U.S. politics has been at the forefront of the news recently as parties move through their Primaries and gear up for the fall election.  While ‘mud-slinging’ amid candidates has been the focus thus far we do expect that economic issues will have to come to the forefront at some point.   When they do, one of the key issues of discussion will probably be ‘income inequality’, both how serious it is and how it can be remedied.  The chart below shows how bad the problem is right now.  The richest 20% of the U.S. population control over 88.9% of the total wealth in the country, while the bottom 40% actually have net debt (i.e. net worth below zero)!

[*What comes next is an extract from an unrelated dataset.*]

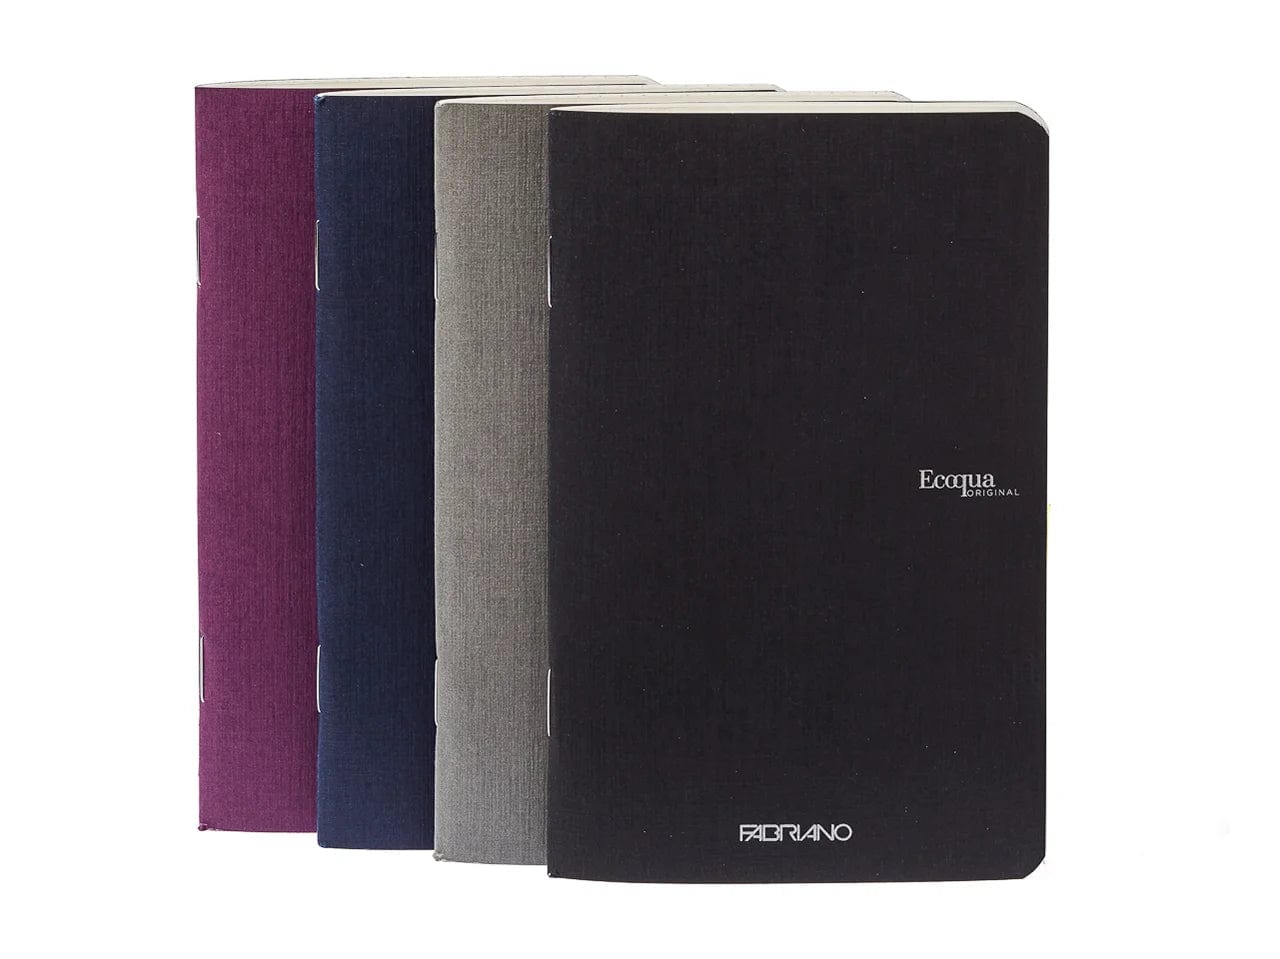 FABRIANO Ecoqua - Pad Set DARK COLOURS Fabriano - EcoQua - Pocket Size Blank Notepads - Sets of 4
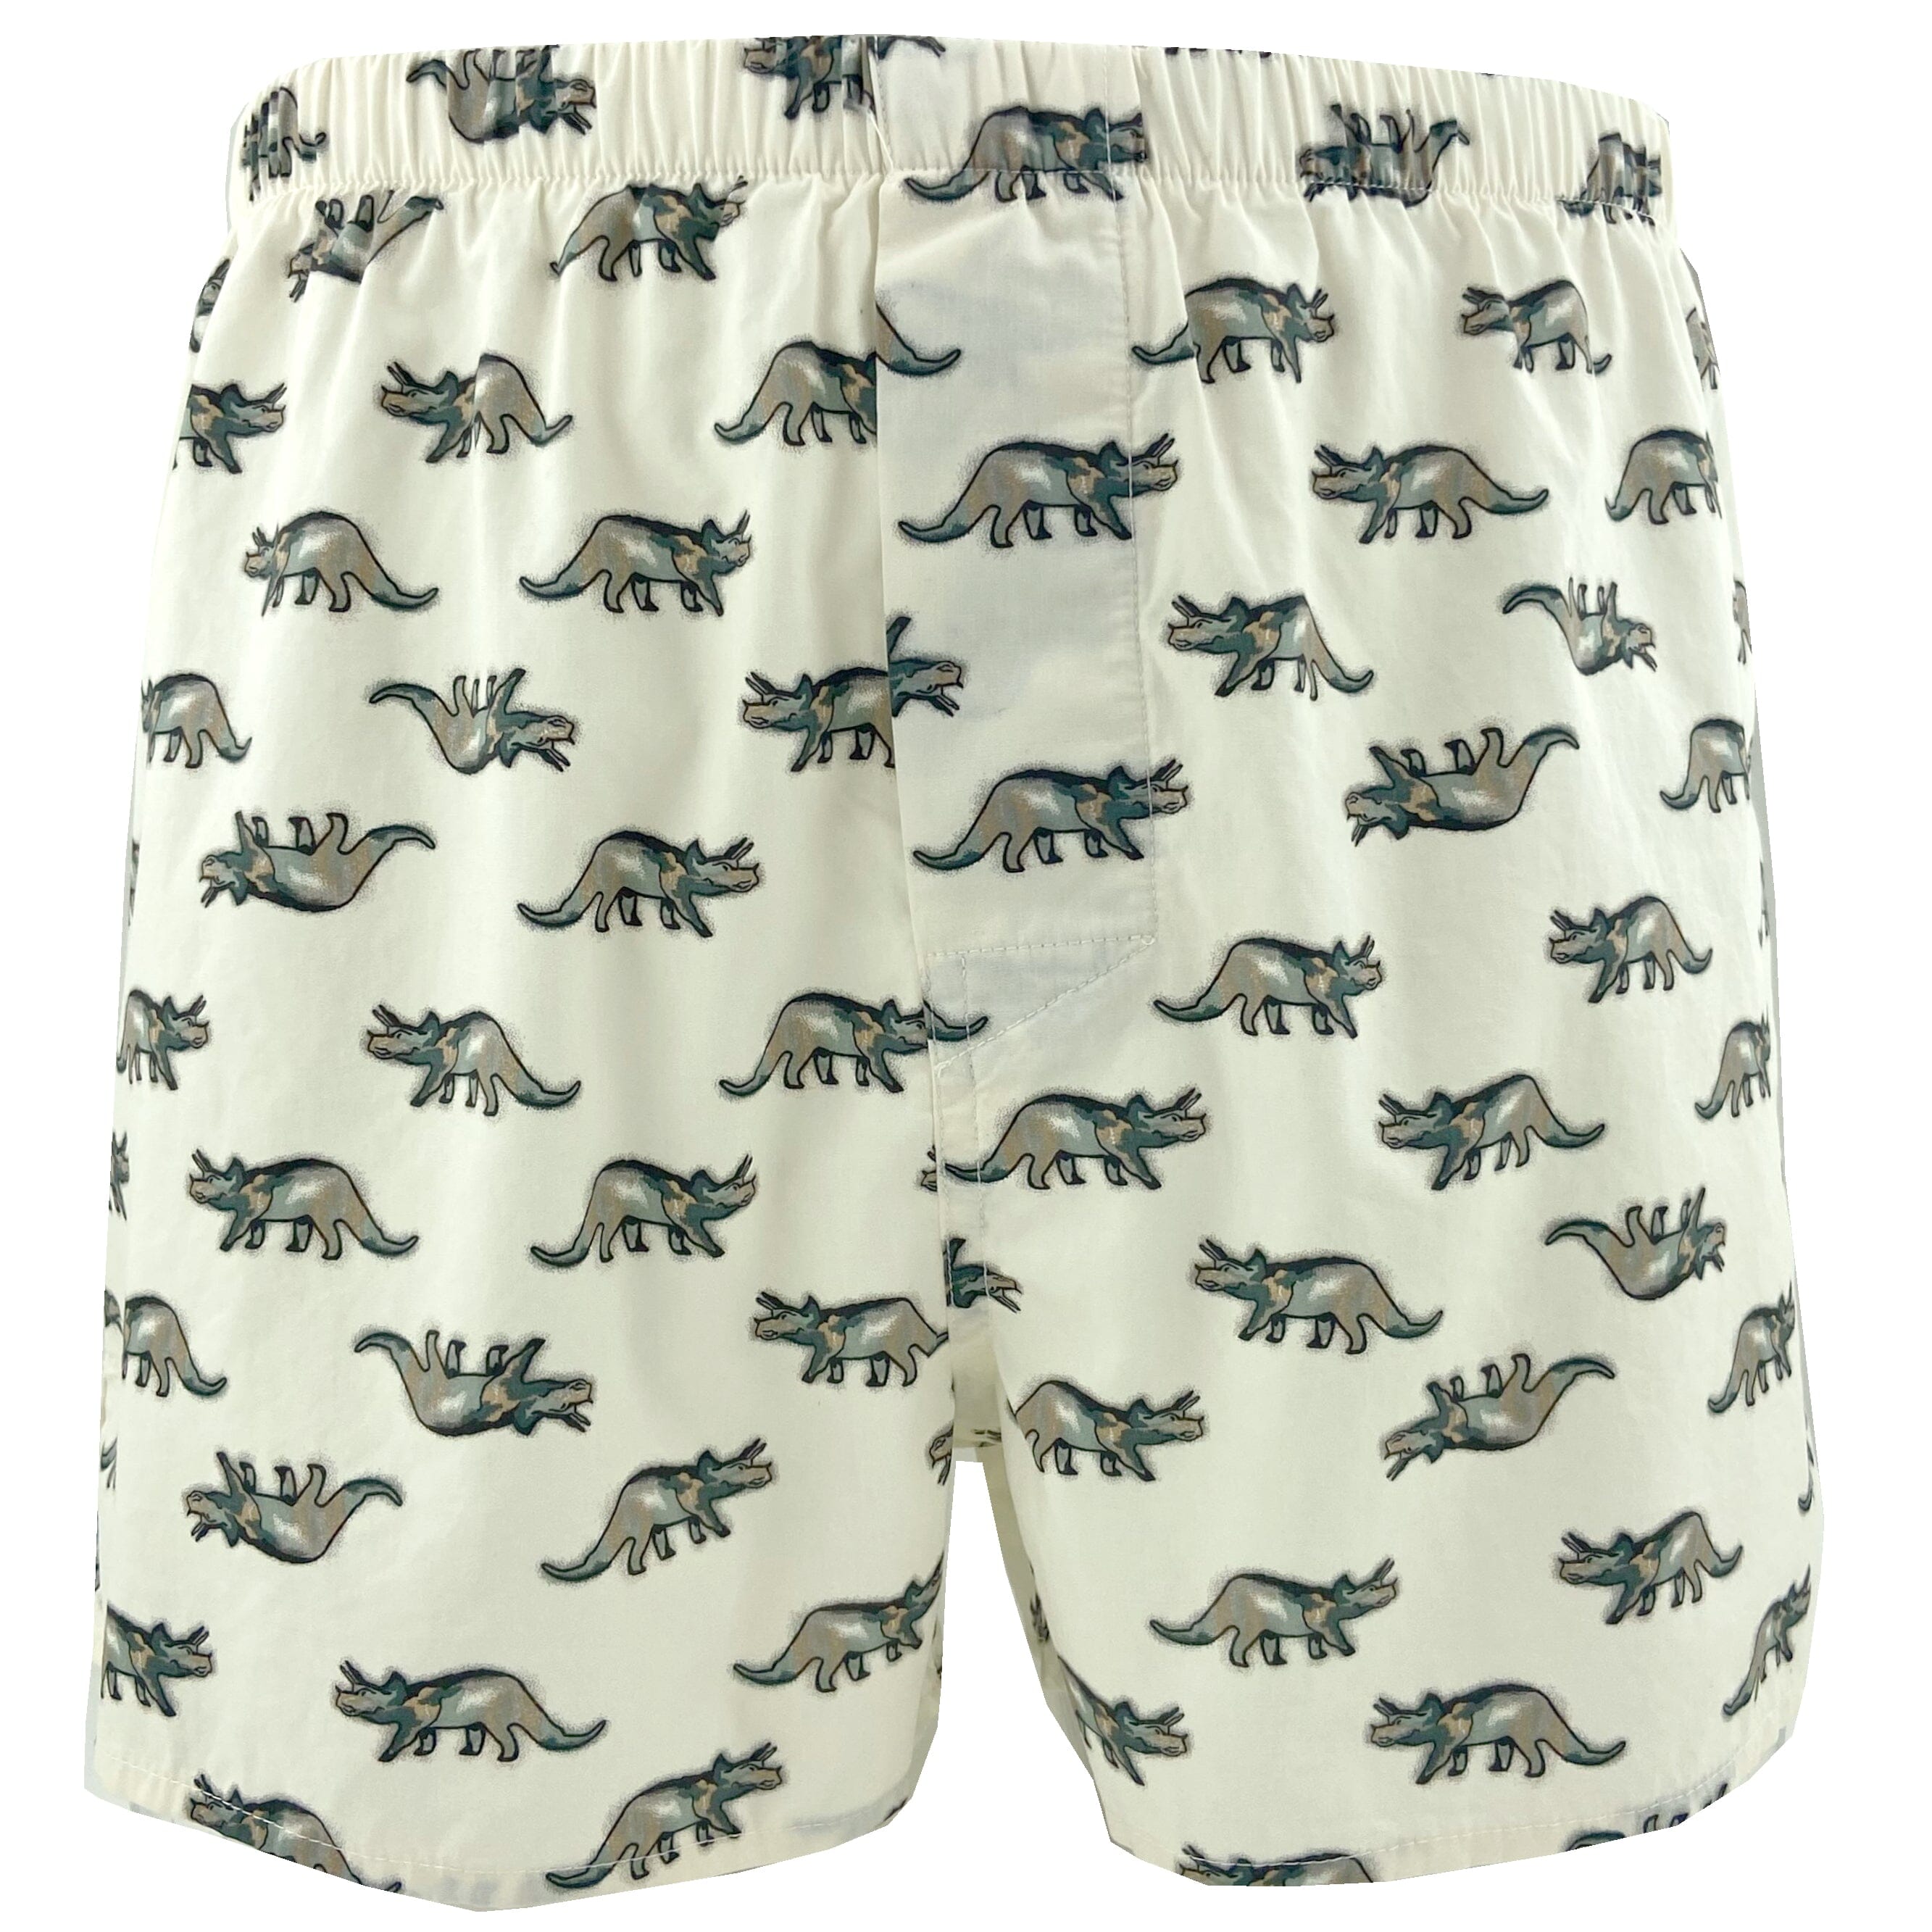 Men's Triceratops Dinosaurs Patterned Cotton Underwear Boxer Shorts

Wealth inequality increases in US

Seeing this data, we can understand the frustration in the general population with the government, politicians in general and the financial markets.  This is probably also why some ‘non-career’ politicians are leading in the polls right now.  But we’re also not convinced that a general election that pits a multi-billionaire against someone who has typically received a $250,000 fee for a single speaking engagement is going to make anyone think this problem is going away in a hurry!  The bottom line is that politics in the U.S. is going to just one more of the ‘wild cards’ for financial markets this year.  We plan to invest carefully, looking for opportunities in oversold stocks and areas of growth.  But we also plan to be very active this year, taking profit opportunities as they come and not hesitating to change direction as the economic data, monetary outlook and stock market flows indicate.  For the short term however, it seems like investors may have gotten too caught up with the negative sentiment.  We have been extremely bearish/cautious for most of the past 18 months, but are more sanguine on the outlook right now as we don’t expect the economy to fall into recession and most global stocks have already spent the bulk of the past year going down.